Assistant Professor, University at Buffalo School of Architecture and Planning
Nicholas Rajkovich is an Assistant Professor in the Department of Architecture at the University at Buffalo (UB). At UB, he teaches design studios, building technology courses, and graduate-level seminars. His research investigates the intersection of energy efficient buildings, renewable energy, and climate change resilience.
Prior to joining UB, he worked for a number of organizations including Pacific Gas and Electric Company, Cornell University, and Einhorn Yaffee Prescott Architecture and Engineering. He has a PhD in Urban and Regional Planning from the University of Michigan, a Master of Architecture from the University of Oregon, and a Bachelor of Architecture from Cornell University.

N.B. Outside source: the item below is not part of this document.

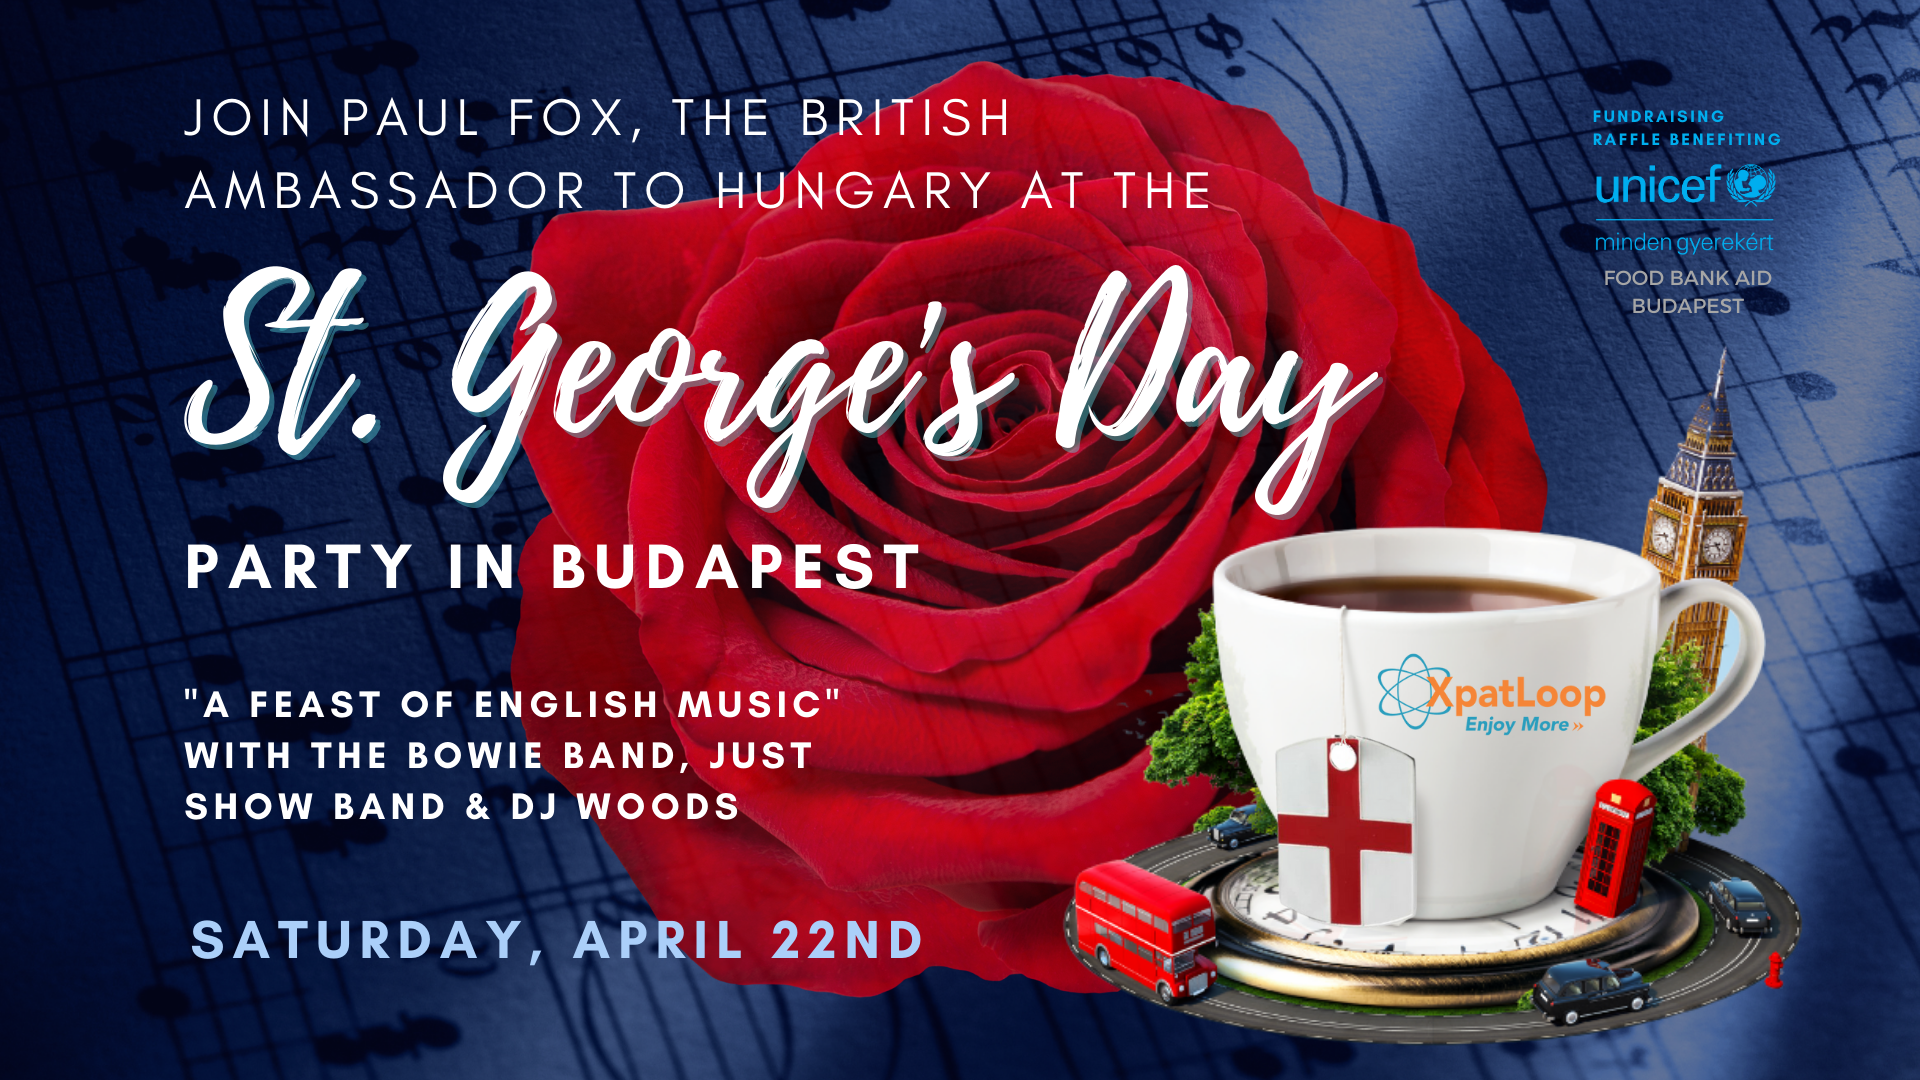 Fully Booked: St. George's Day Party @ Marriott, 22 April - ‘A Feast of English Music’

How One Man on a 75-Pound Bicycle Took a City's Temperature
BY NICHOLAS RAJKOVICH
@ VOL 16
ON APR 14, 2016
"How do we start thinking about heat waves and why are heat waves so important?"
In How One Man on a 75-Pound Bicycle Took a City's Temperature from PechaKucha Buffalo Vol. 16, architect and University at Buffalo Professor, Nicholas B. Rajkovich describes the design of a bicycle-based weather station used to find the “hot spots” of Cuyahoga County, Ohio. Every year in the United States, more people die from heat waves than any other type of natural disaster. Extreme heat events are expected to increase in the future due to climate change. Collecting a fine scale of microclimatic data can help to determine how physical characteristics contribute to human exposure to ground and air temperatures. These data also suggest how urban design strategies can reduce the impacts of the urban heat island effect. However, microclimate measurement poses substantial challenges. Rajkovich’s work investigates the intersection of energy efficient buildings, renewable energy, and climate change resilience.
This was "PechaKucha of the Day" on Tuesday, June 14th, 2016.